Supporters say the new law will ensure the state’s full 6.25 percent sales tax rate and any locally-imposed taxes will be collected at the point of destination on sales made through online marketplaces or by remote retailers that do a certain amount of business in the state.

That means retail products purchased online and shipped to Illinois addresses will generate the same tax revenue as products purchased locally in stores no matter where they are shipped from.

While the state has already been collecting the revenue on several transactions, proponents say the recently passed bill is aimed at increasing compliance with an existing law created in response to a 2017 U.S. Supreme Court decision, South Dakota v. Wayfair Inc., which paved the way for state taxation on out-of-state retailers.

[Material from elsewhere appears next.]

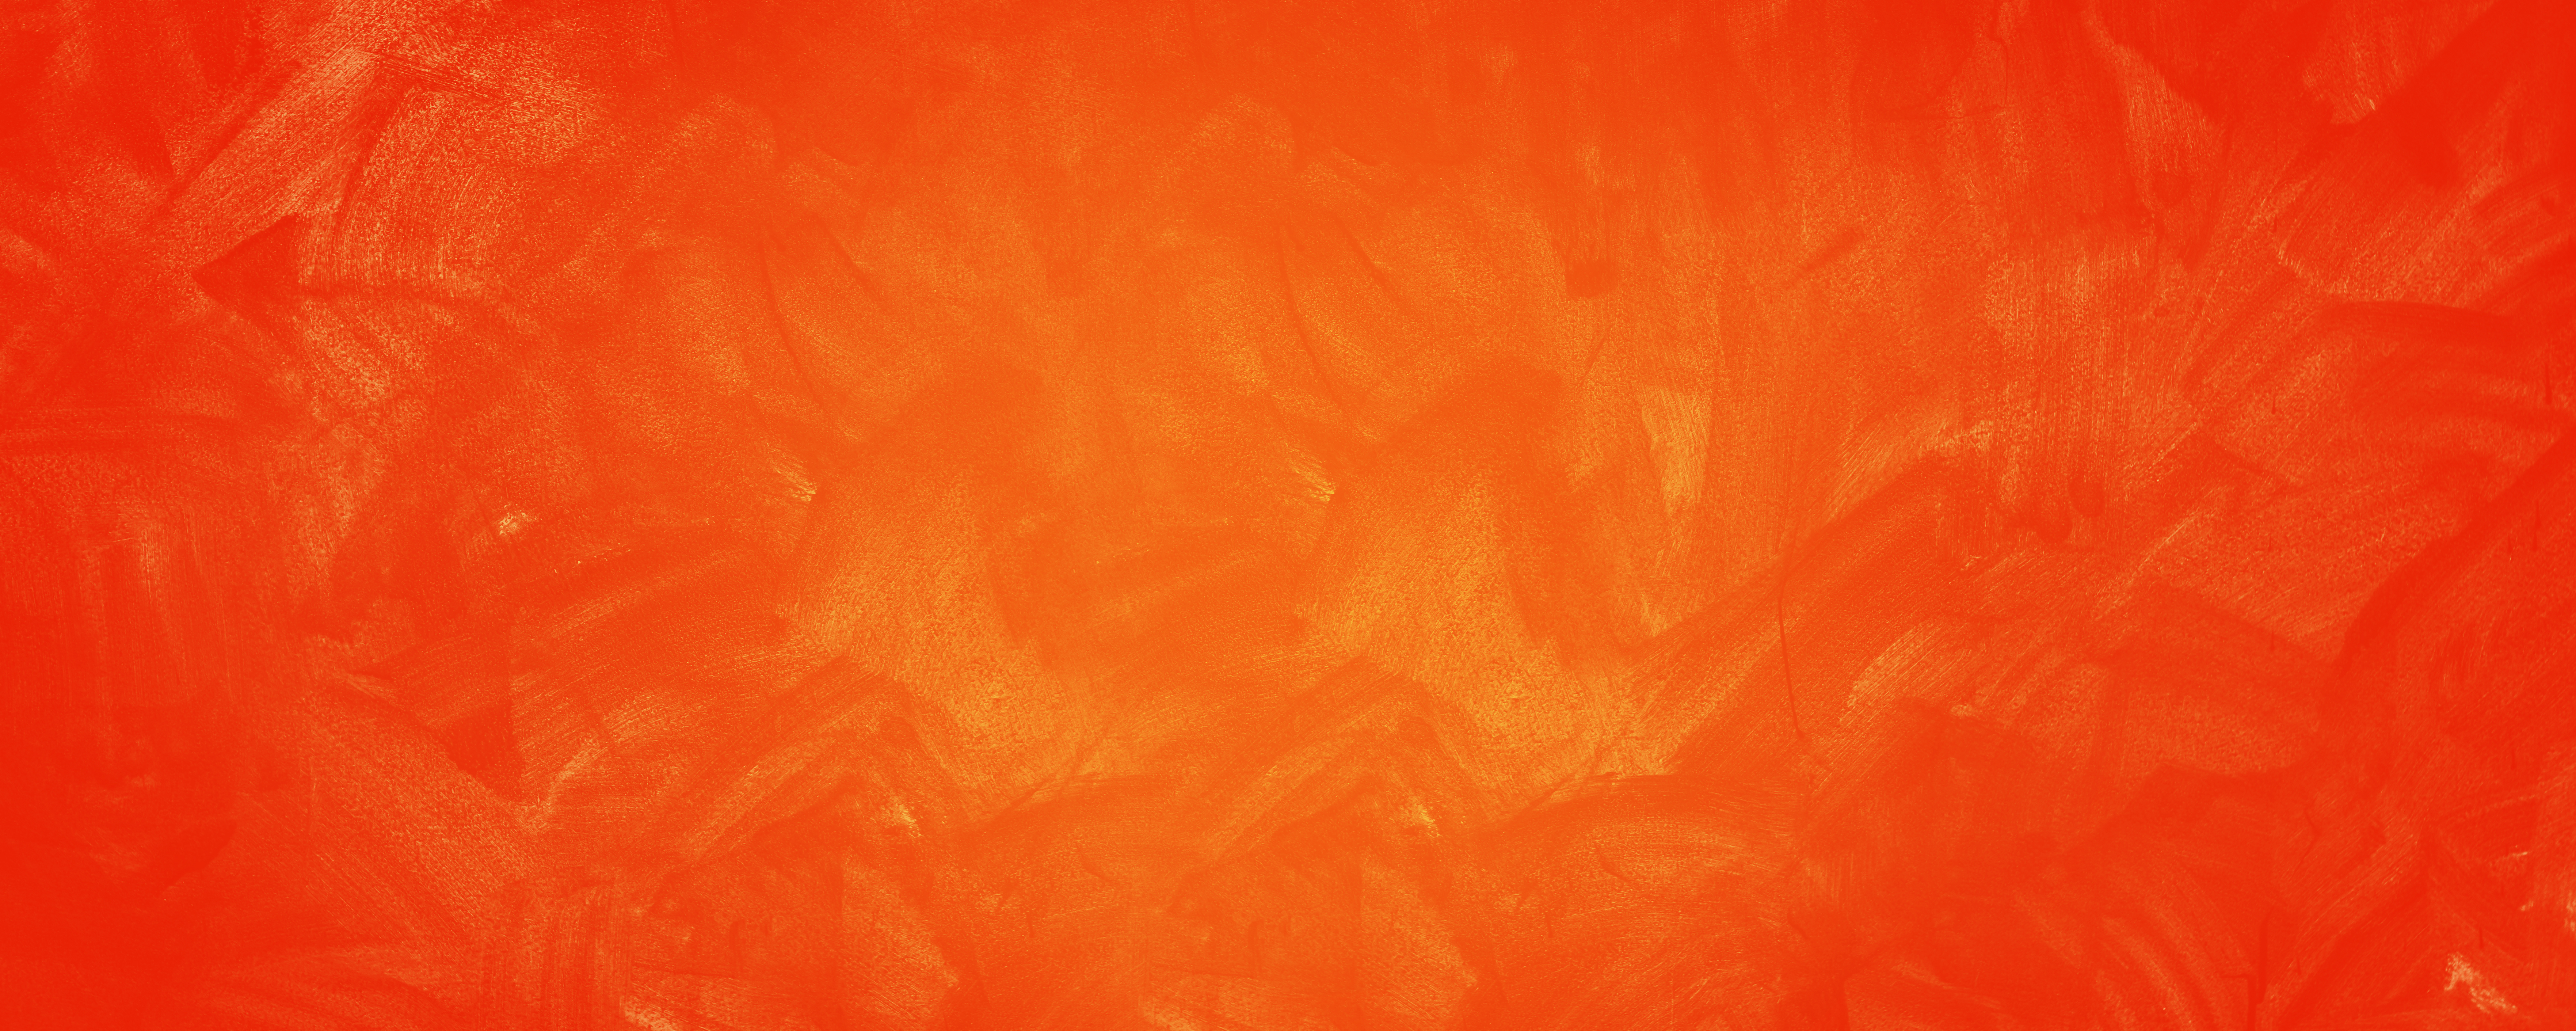 Dark Orange Room Banner Cement and Concrete Wall Background

The Illinois Retail Merchants Association was one of the most vocal backers of the online sales tax measure. Rob Karr, IRMA’s president, said the change passed in the veto session would shift reporting requirements away from individual sellers, therefore streamlining tax remittance.

The new measure would require online marketplaces to collect and remit the tax to the state on behalf of the sellers that utilize their platforms, including third-party sellers.

“The marketplaces asked to do this because it’s just easier,” Karr said. “And it’s easier for the department of revenue and others to do it because now instead of having to monitor, audit every single marketplace seller, they now just do that for the marketplace facilitator.”

For remote retailers selling independent of online marketplaces, the tax would apply to those that do $100,000 or more worth of business or complete 200 or more separate transactions annually in Illinois, as they would be considered under law to be maintaining a place of business in the state. Karr said that threshold was deemed reasonable by the Supreme Court in the Wayfair decision.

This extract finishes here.